Welcome to my Crime and Justice blog! I am a 19 year old criminal justice student at the University of Winnipeg. I advocate for prisoners' rights, human rights, equality and criminal justice/prison system reforms.

Sunday, July 4, 2010

Tough on crime laws are tough to swallow!


Canada has a $47-billion deficit, a crime rate that is falling steadily, and a public that is not clamouring for tougher crime laws. Yet in the face of little real need and even less available money, the Conservative government is planning to more than double the country's spending on prisons, to double the number of inmates.
The Conservatives' latest piece of get-tough-on-crime legislation, the Truth in Sentencing Act, will require about $1.8 billion over five years to build 13 more prisons, and then an additional $618 million a year for capital, operations, and maintenance costs, according to Parliamentary budget officer Kevin Page's report last week. The act dispenses with two-for-one credit for time spent in pre-sentence custody.
Instead of using the report as a chance to rethink the wisdom of spending billions of dollars -as much as $9.5 billion by 2015-16 -Public Safety Minister Vic Toews rejected Page's figures, saying he "must be making this up."
But if Page has to rely on estimates, it's because he can't get access to accurate figures. In any case, Page's estimates should force Toews's hand. The minister must know what the real costs are, and should publish them in detailed, reliable form so they can be studied by everyone from Page to Joe and Joan Taxpayer. If Toews doesn't know what the real costs are, he has no business bringing in legislation that can force Canadian taxpayers to pay billions they might prefer to spend on health care and education.
Toews is the minister who first said the Truth in Sentencing Act would cost $90 million over the next two years -at the very most. Today, he admits $2 billion over five years is a more likely figure -double the $1-billion federal gun registry price tag. There's a big difference between Toews's original estimate and his revised one. And he's accusing Page of making things up?
The Truth in Sentencing Act is just the latest in an astonishingly long list of tough-on-crime laws introduced by the Harper government since it was first elected in 2006. As Le Devoir reported recently, the Conservatives have introduced 53 public security laws in the last 31/2 years. Only a dozen of these have been adopted, the rest dying on the order paper.
One effect of the new laws in general is to remove judges' discretion and, with it, the ability of the justice system to react appropriately to individual circumstances.
Excessive costs and negative results should be enough to send a government back to the drawing board. But the Harper government appears determined to continue talking up, and sometimes passing, "tough on crime" laws with few redeeming features.
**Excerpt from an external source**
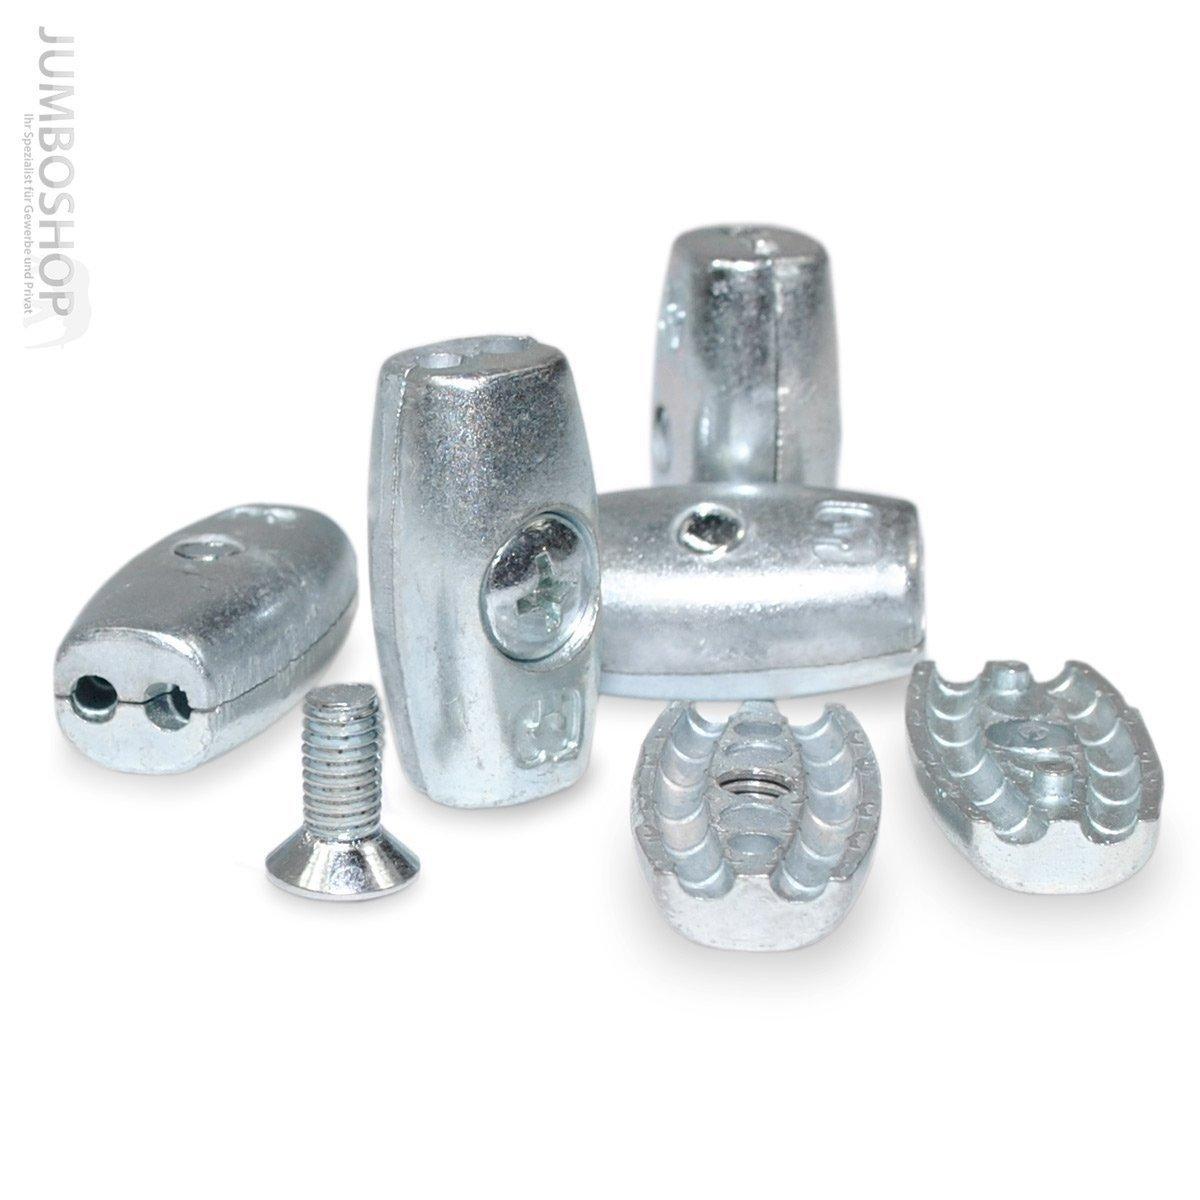 Drahtseilklemme EIFORM 6mm Seilklemmen Aluminium | Eiform Klemmen ...

Getting tough on crime is completely ineffective! It will not reduce or prevent crime and will not increase public safety in the long term. There will be more prison overcrowding with increased tensions, stress and levels of violence among inmates and staff, which leads to angry and bitter inmates being released with little assistance, support and guidance in the community. Prisons are quick fixes, but not long term solutions to crime. If the government is truly interested in reducing and preventing crime, they need to spend more money on prevention programs and community rehab programming, as opposed to incarcerating more people for longer periods.